- Action item -
The following data is to be repeated exactly, its pictures excluded.

- Given data -
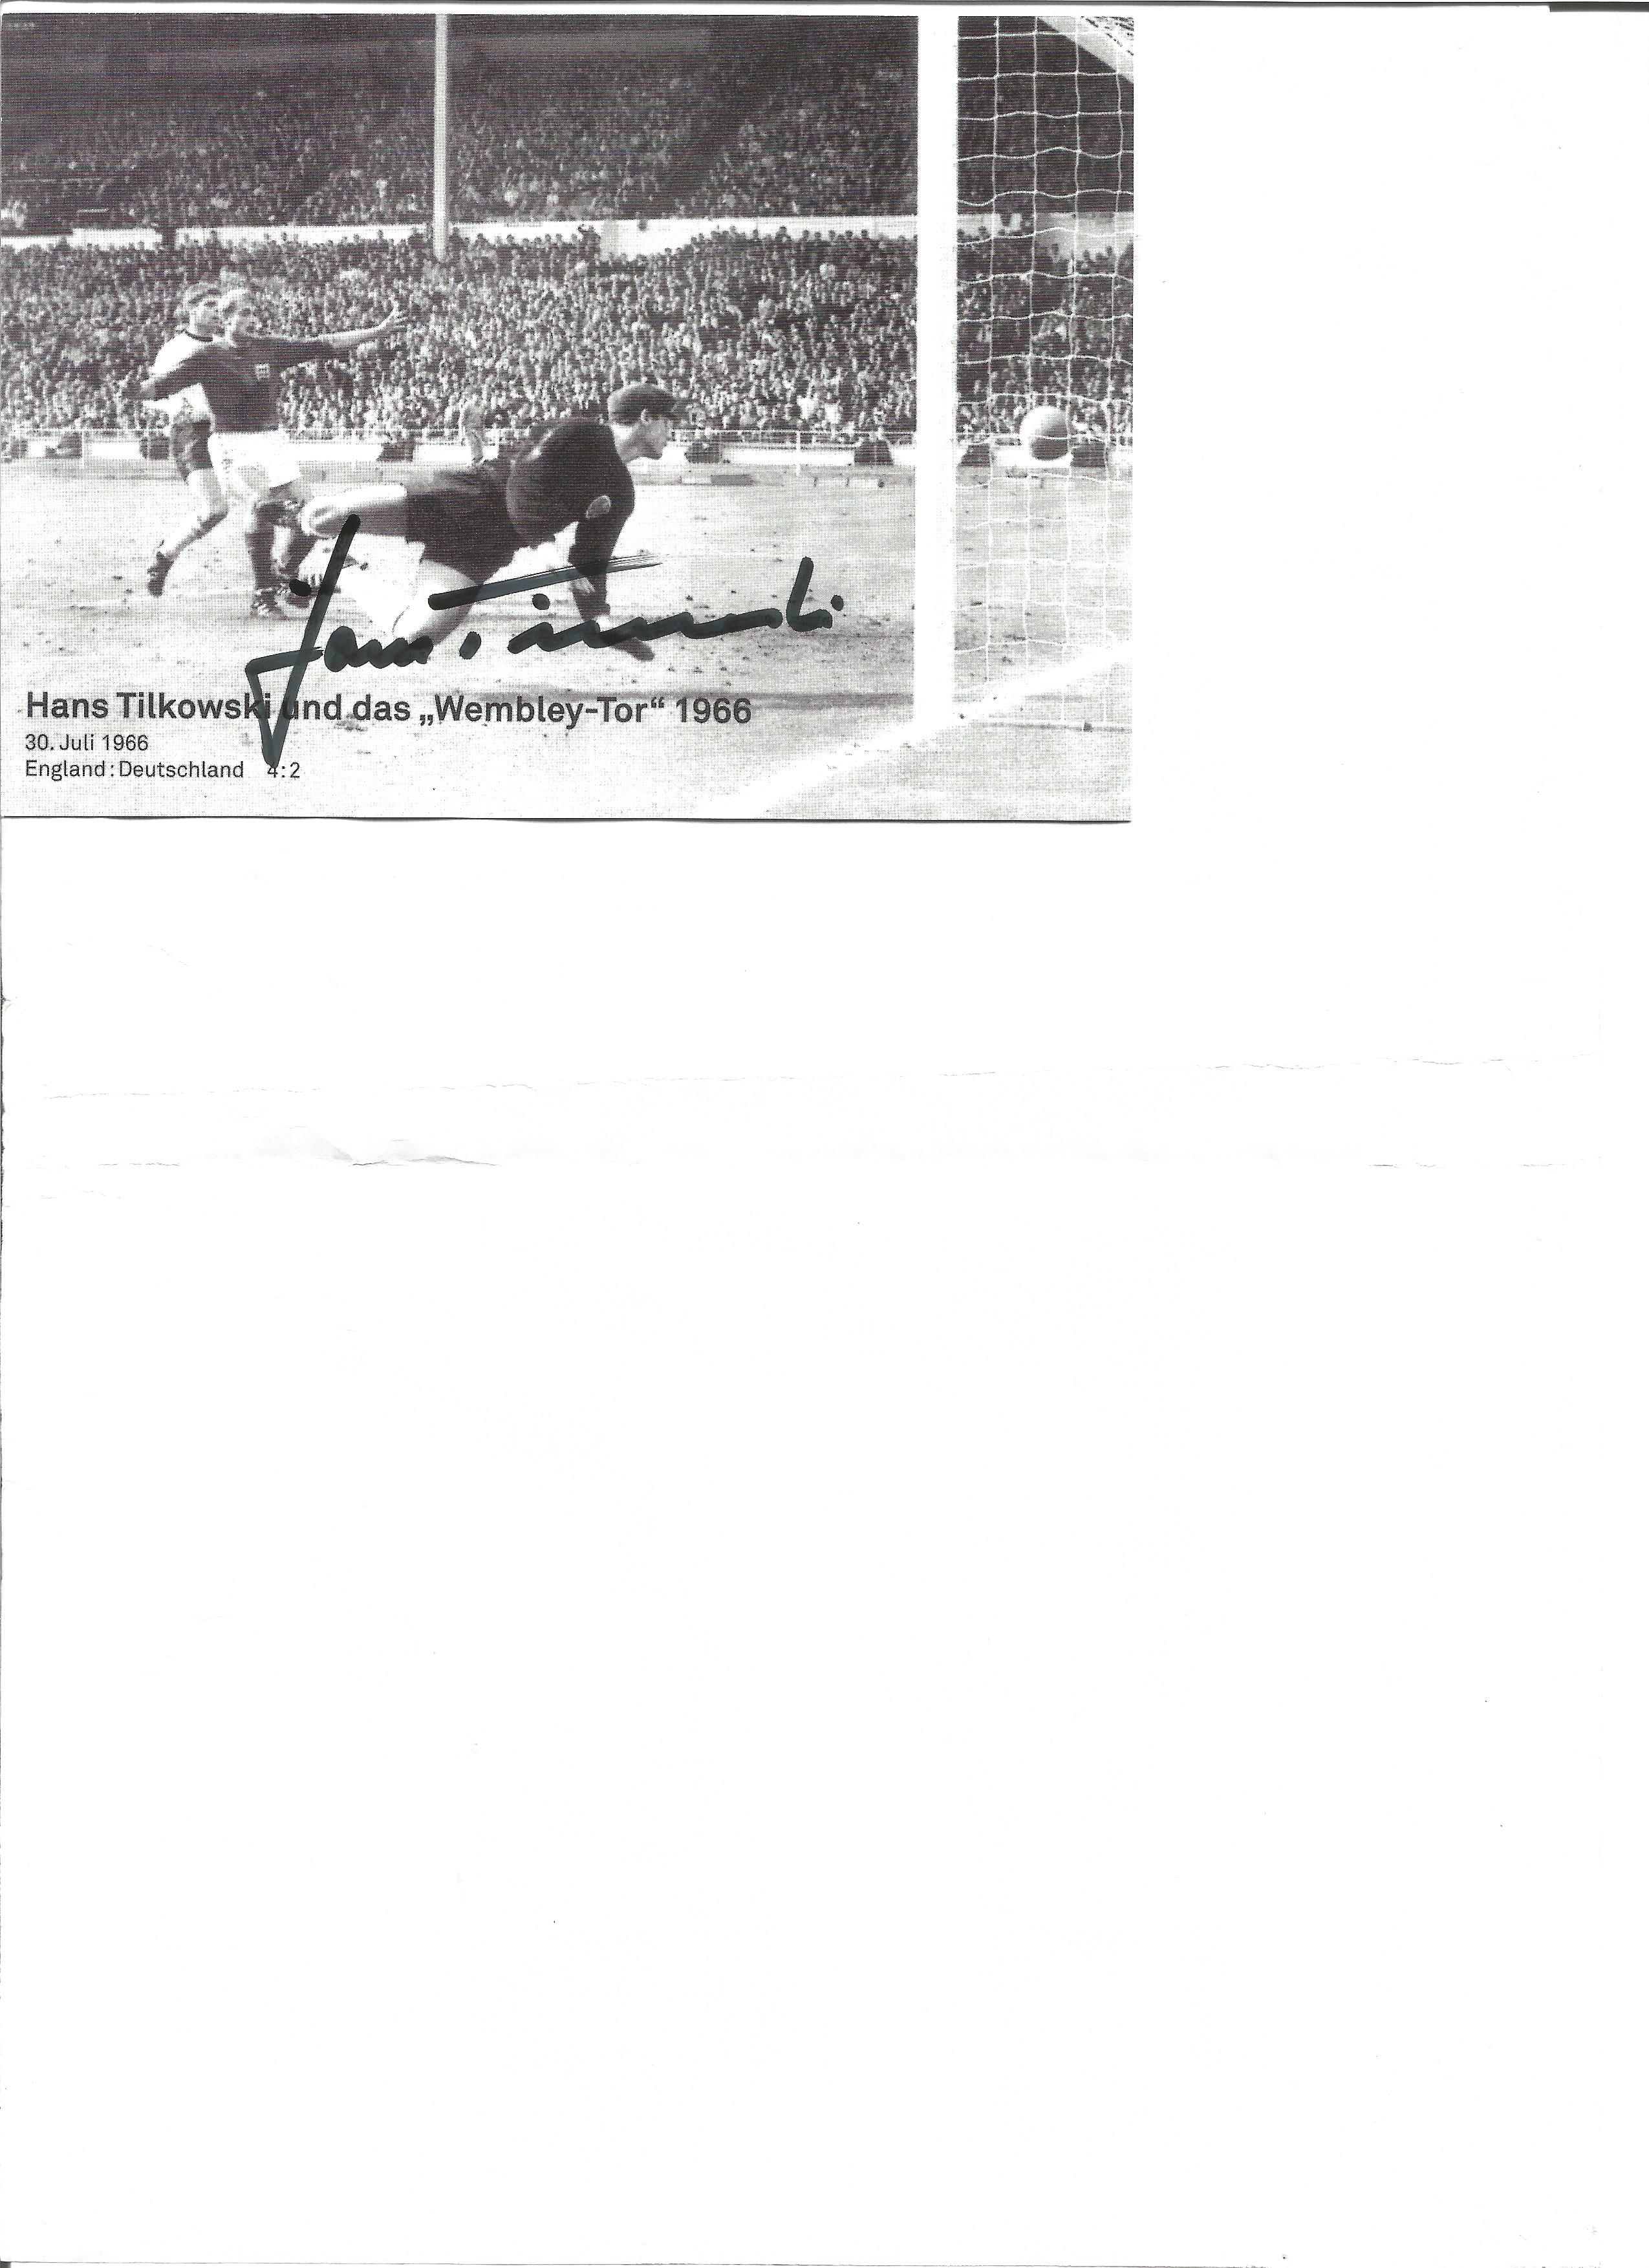 Football Autographed Hans Tilkowski Photo-Card, Depicting A Superb Image Showing The German
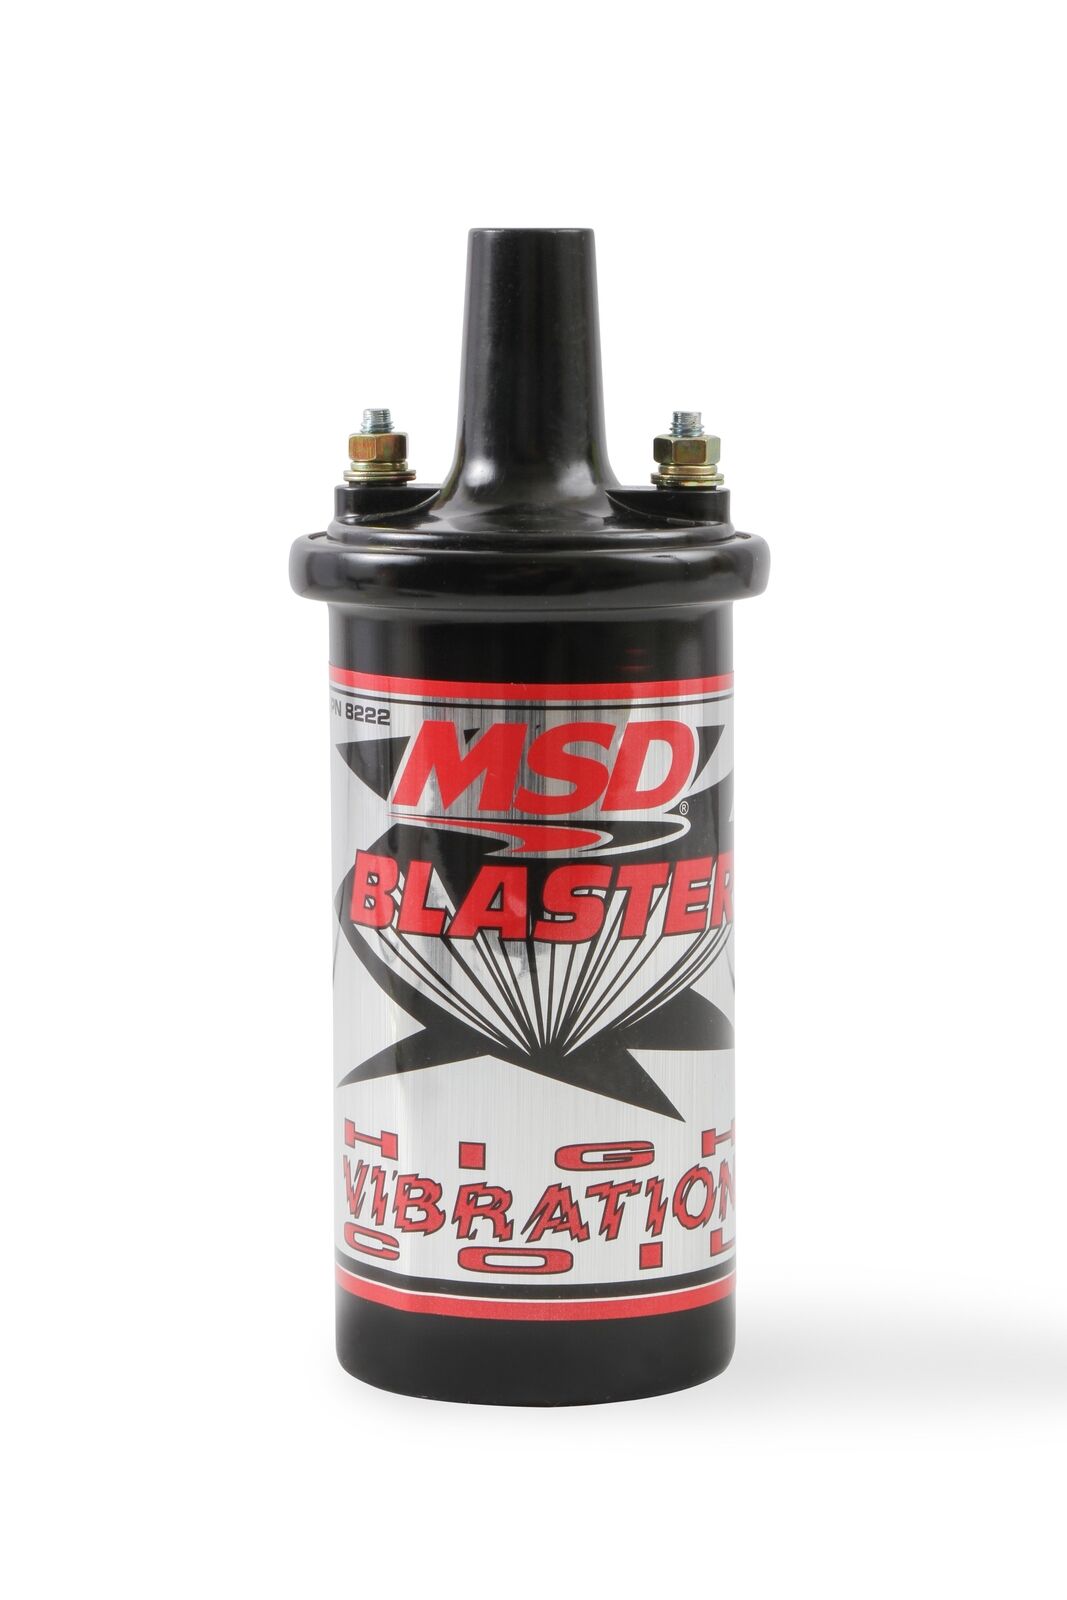 8222 MSD Ignition Coil - Blaster Series - High Vibration - Black
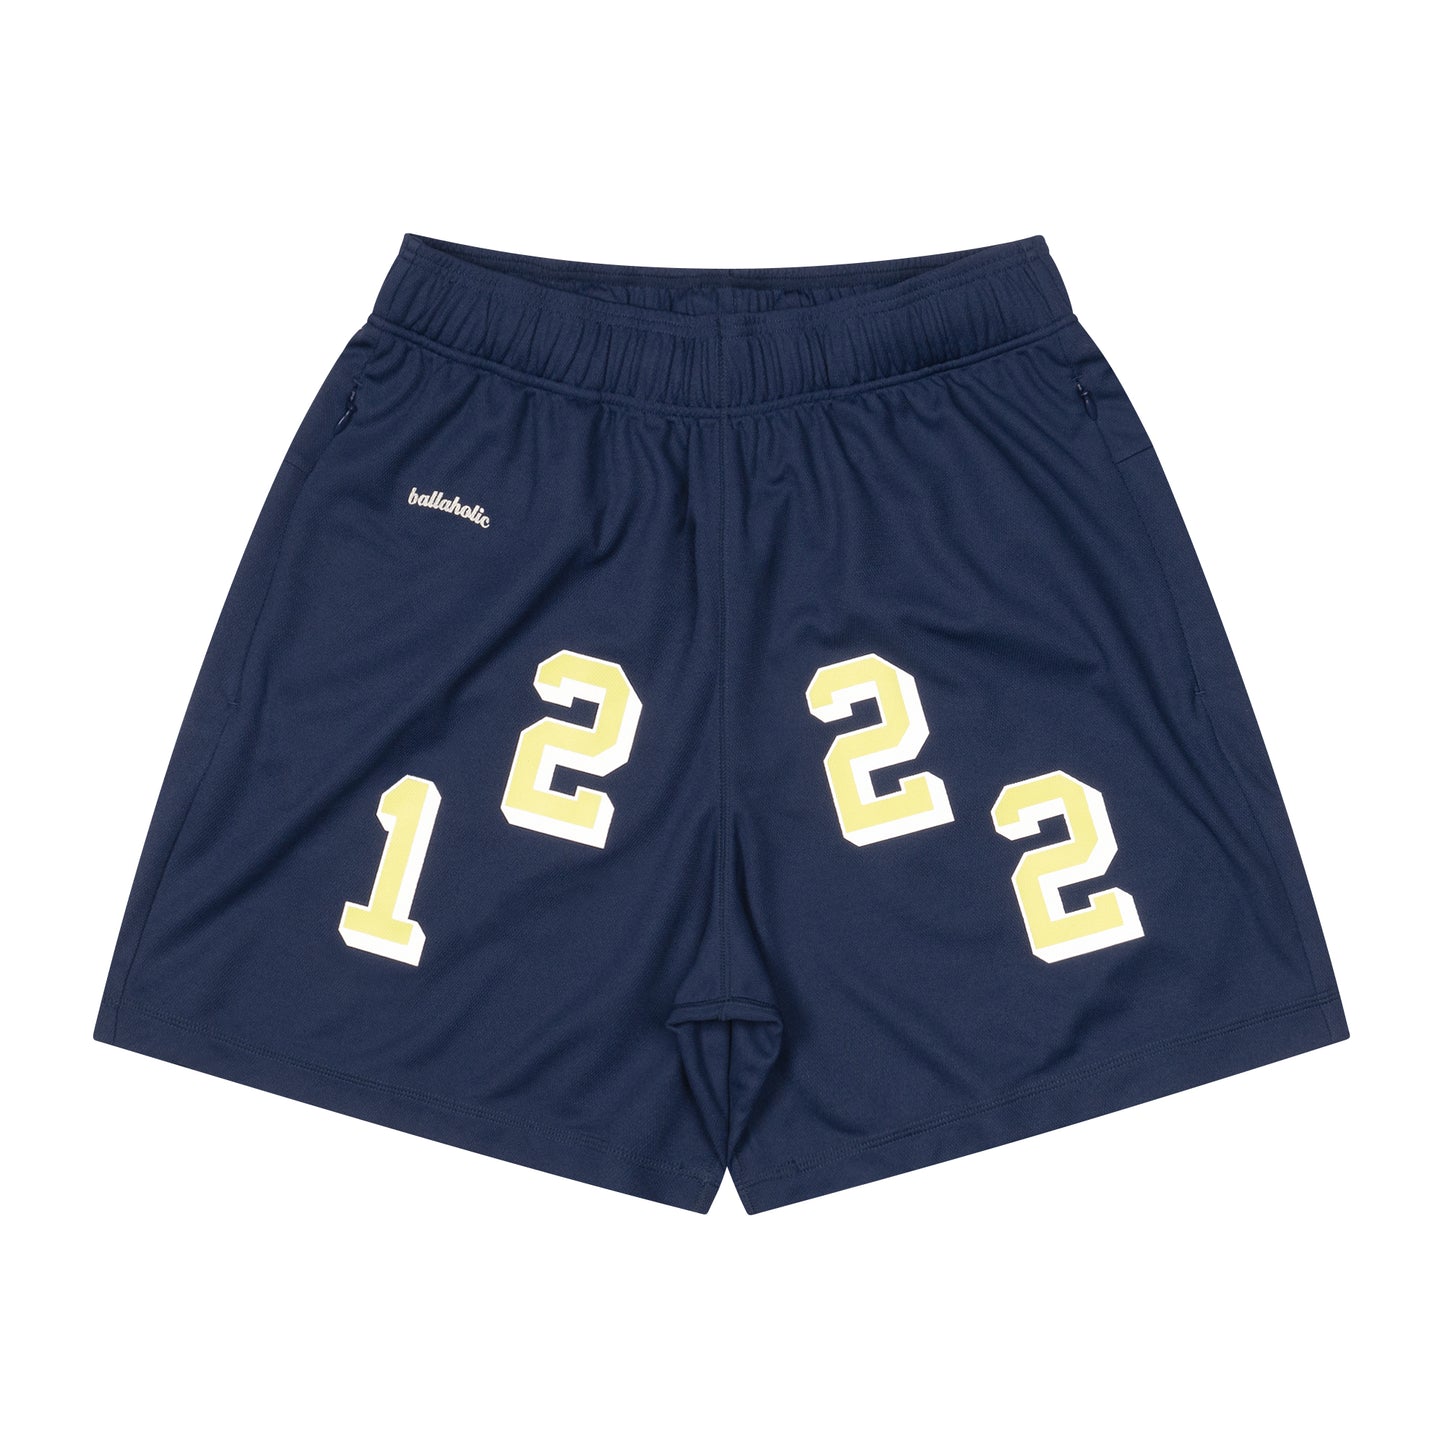 10th Zip Shorts (navy)
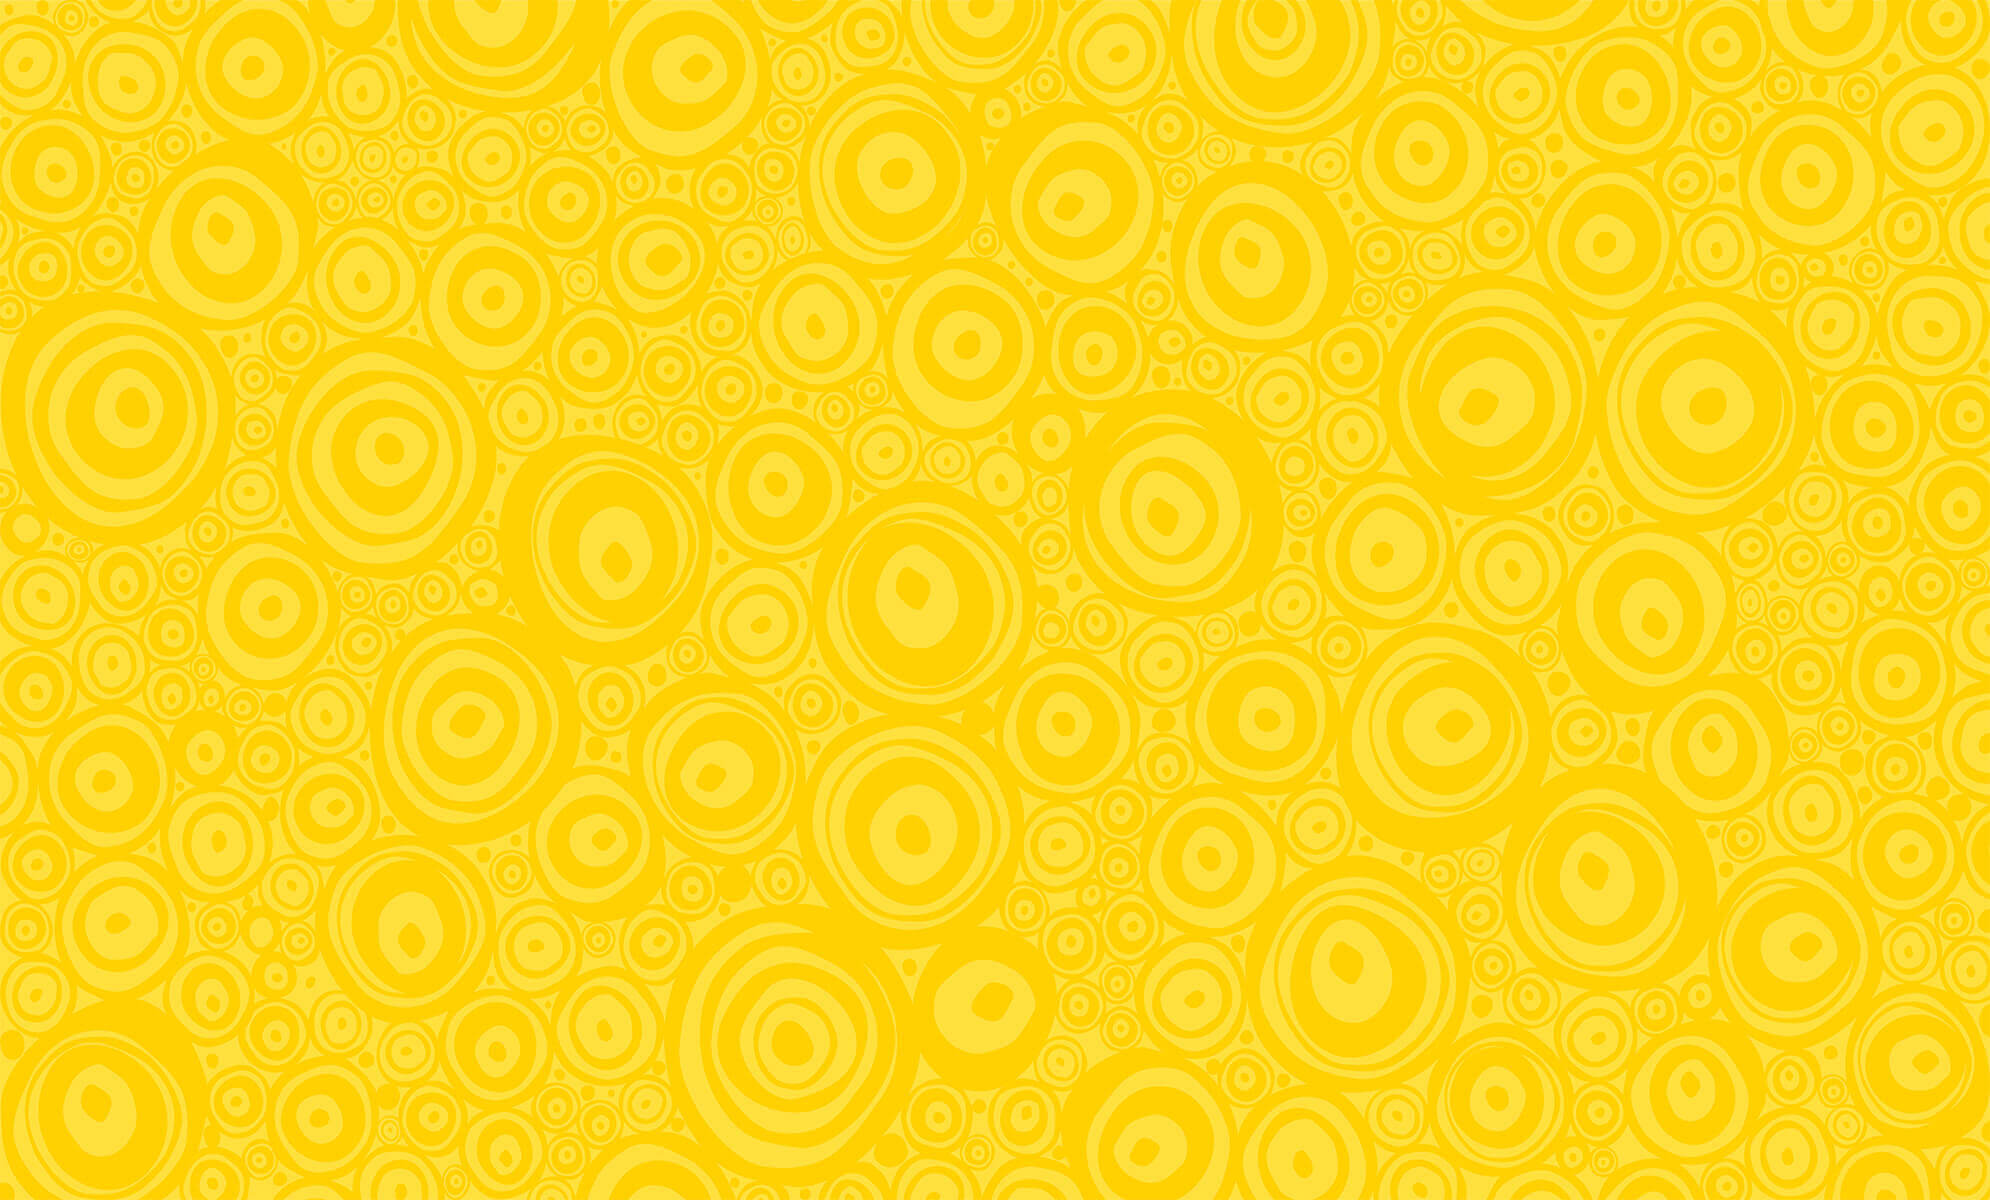 Background circles - yellow

- Answer for the task -
 Football Autographed Hans Tilkowski Photo-Card, Depicting A Superb Image Showing The German
 8222 MSD Ignition Coil - Blaster Series - High Vibration - Black
 10th Zip Shorts (navy)
 Background circles - yellow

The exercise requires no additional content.